We did eventually warm up to our predicted high of -12C/10F, though it came with wind chills colder than -20C/-4F at times.
When I fed the yard cats in the morning, I counted “only” 24 or 25, including the bitty baby – who never came outside!

You can just make him out through the frost, near the bottom of the window.
Thankfully, the south yard is pretty sheltered from the winds coming mostly from the north. Though we had blowing snow all night, there wasn’t anywhere near as much on the ground as it had looked like there should be. I started shovelling the more sheltered walkways, then got a bit carried away.

I used the tire tracks from when I lasted back up to the house as a guide for where to clear away the snow. You can even see the packed down snow under the tire tracks. I didn’t feel like bringing out the ice chipper to break those up, and the shovel I was using already has a crack in it, so I wasn’t going to bash around with it any more than I had to.
As we warm up over the next week, things should actually start melting a bit, and I want these high traffic areas to clear away completely. I think tomorrow, I’ll keep working to clear the space we use to drive into the yard and turn the vehicle around. I’ll leave the paths around the house, and the fire pit, for the girls to do. They’re planning on getting the fire pit going, just because they can, in the near future.
Meanwhile…
Not too long ago, I was outside again and did the evening feeding.

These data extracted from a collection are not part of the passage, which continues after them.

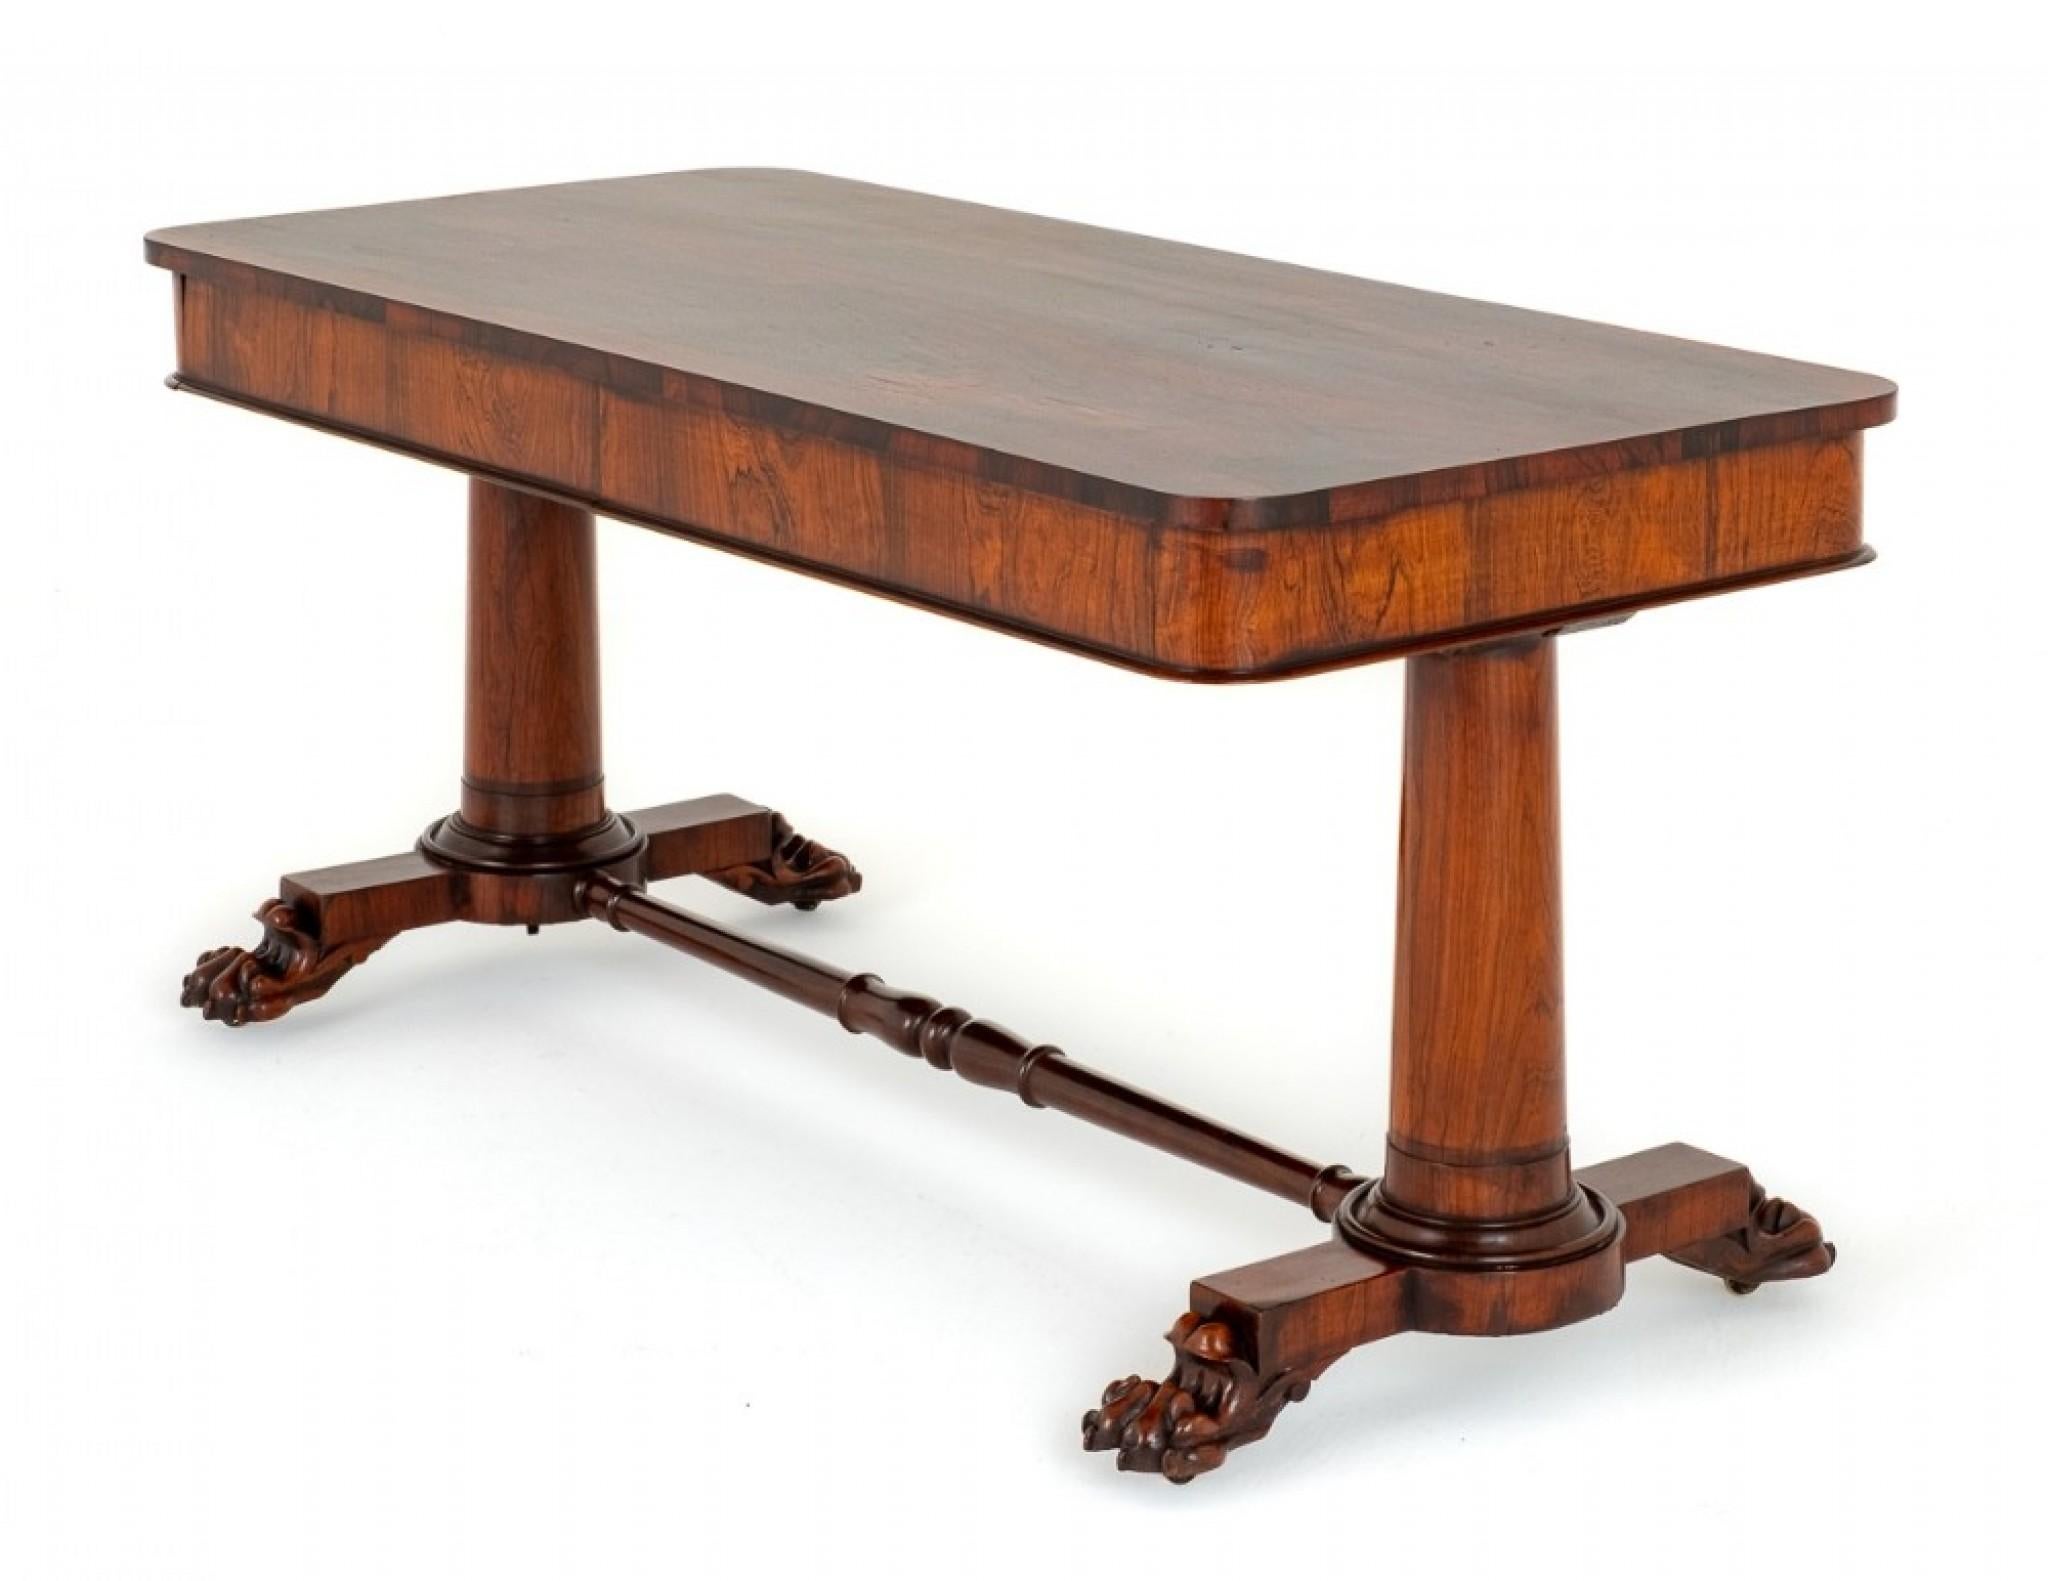 William IV Bibliothekstisch.
CIRCA 19. Jahrhundert
Die Tischplatte ist mit wundervollen Rio-Palisanderhölzern ausgestattet.
Der Tisch mit 2 funktionierenden Schubladen aus Mahagoni (beachten Sie die feinen Schwalbenschwänze)
Die Tabelle ist gut
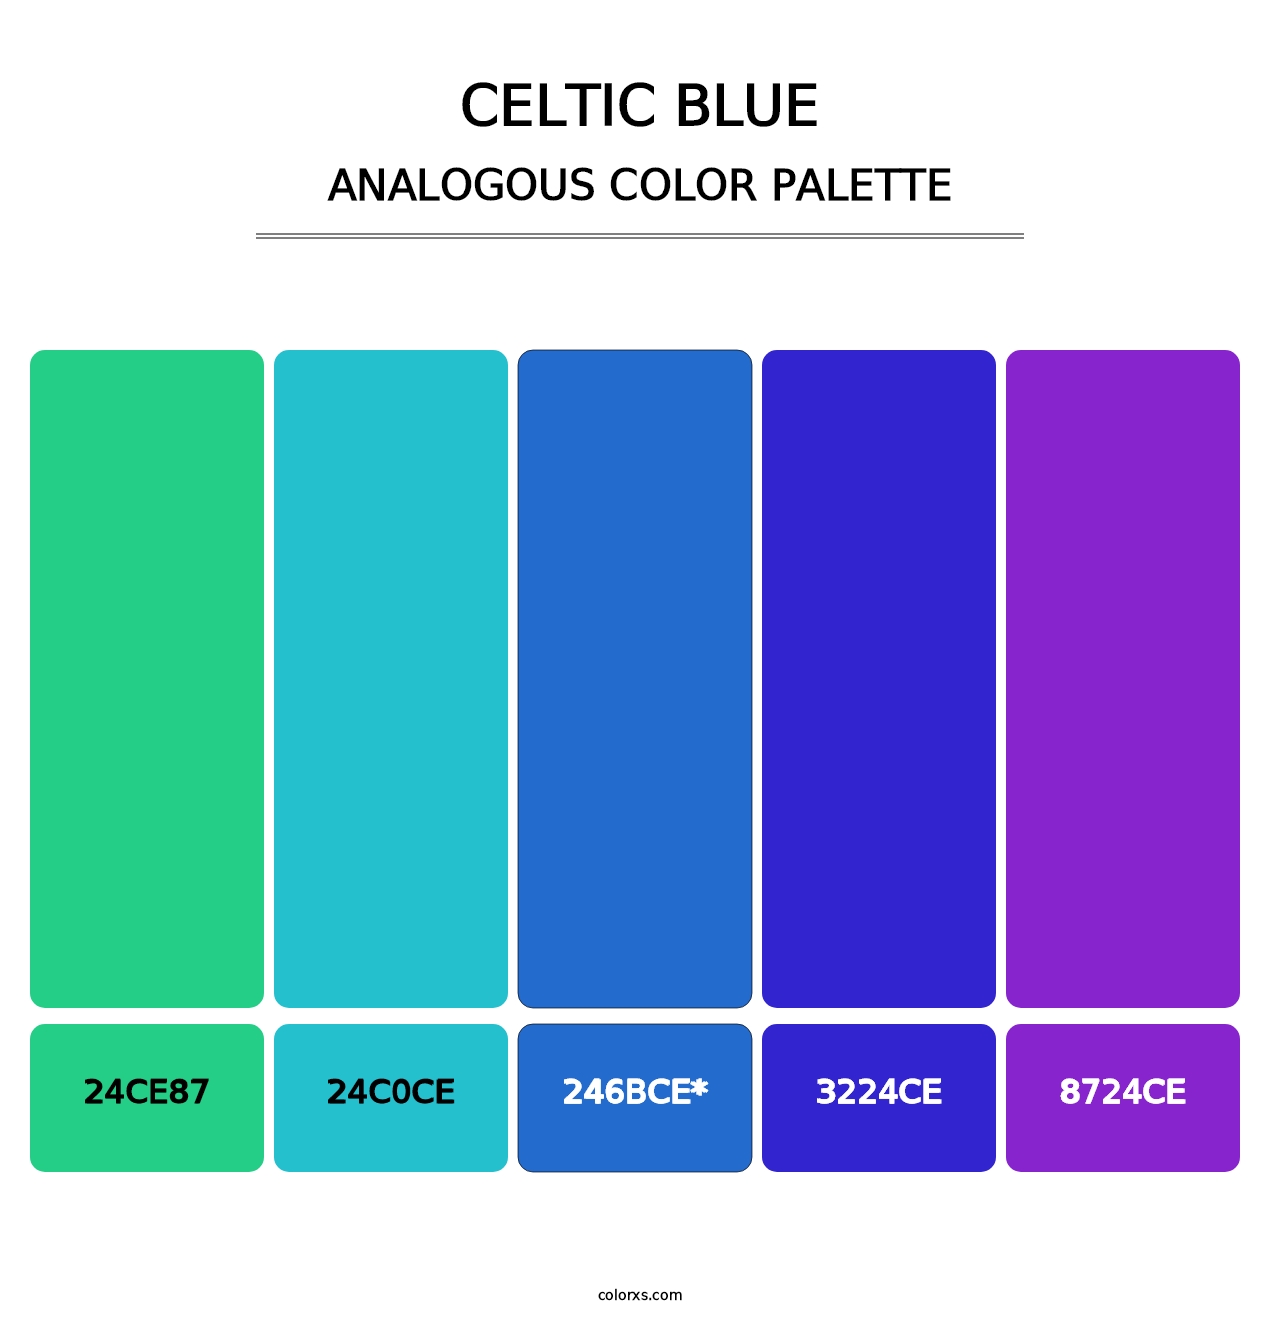 Celtic Blue - Analogous Color Palette

I counted 30 this time, including the bitty baby. He was in the larger window by himself, and even tried to play with me through it, before going to the entry where the food tray is. He never came out, but he’ll have to if he wants the water. If he had come out, I probably would have snagged him and brought him inside. To be honest, though, the next youngest litter of kittens, being all short haired, are probably colder than he is! It isn’t stopping them from playing in the snow, so their undercoats must be well developed for the winter already.
As I write this, it’s -13C/9F, and that’s as cold as we’re supposed to get, including overnight lows, for at least the next 10 days. In fact, the forecast has changed to predict even milder temperatures than before!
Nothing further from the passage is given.